What the task requires: Among the records, find the lines that hold the string "mantissa" and return them.

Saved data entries
··········

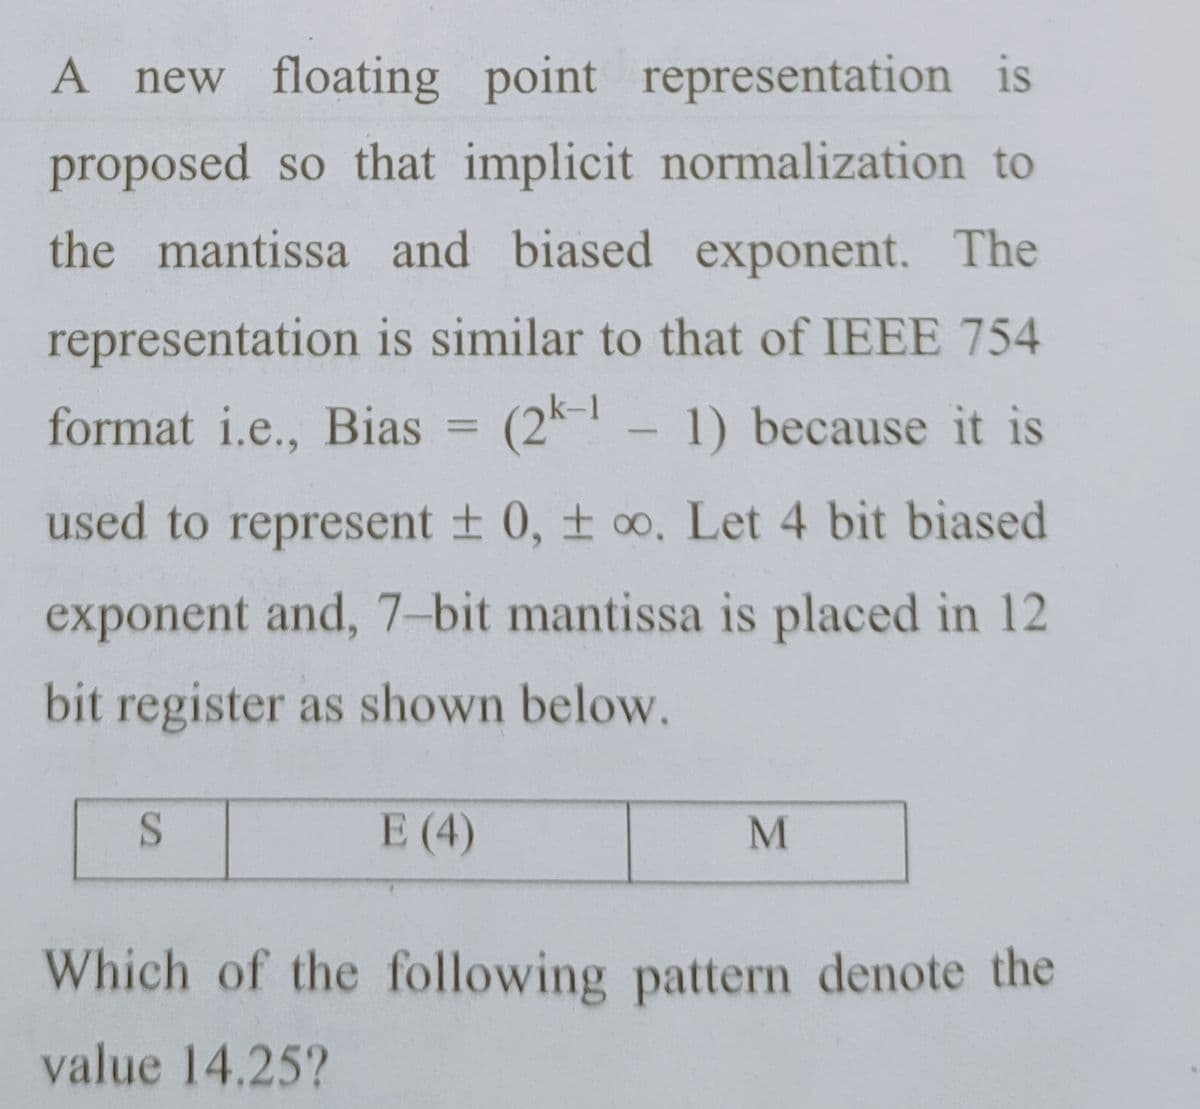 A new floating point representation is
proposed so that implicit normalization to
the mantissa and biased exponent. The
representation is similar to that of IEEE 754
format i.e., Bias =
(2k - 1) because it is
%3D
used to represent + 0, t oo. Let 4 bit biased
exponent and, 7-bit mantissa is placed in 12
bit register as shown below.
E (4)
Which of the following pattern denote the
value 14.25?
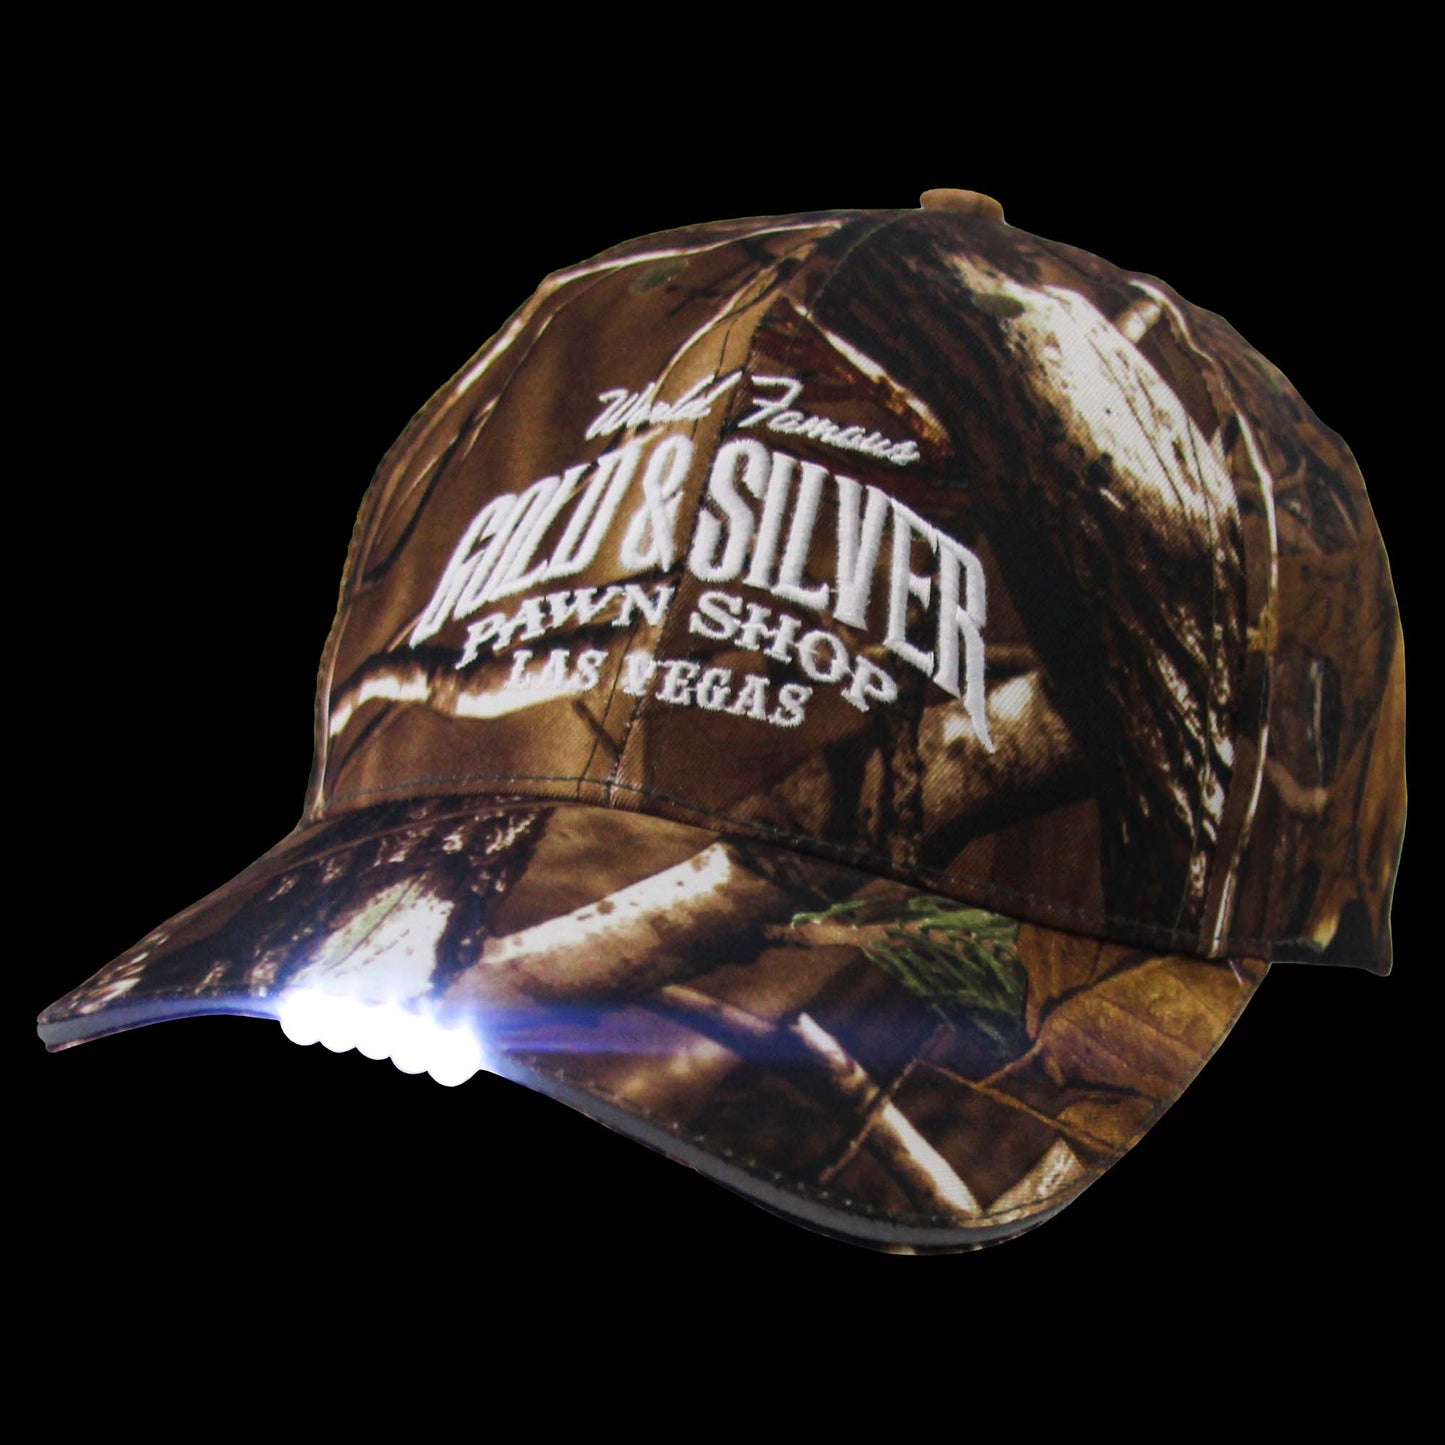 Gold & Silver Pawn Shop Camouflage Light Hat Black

··········

Solution to this exercise:
the mantissa and biased exponent. The
exponent and, 7-bit mantissa is placed in 12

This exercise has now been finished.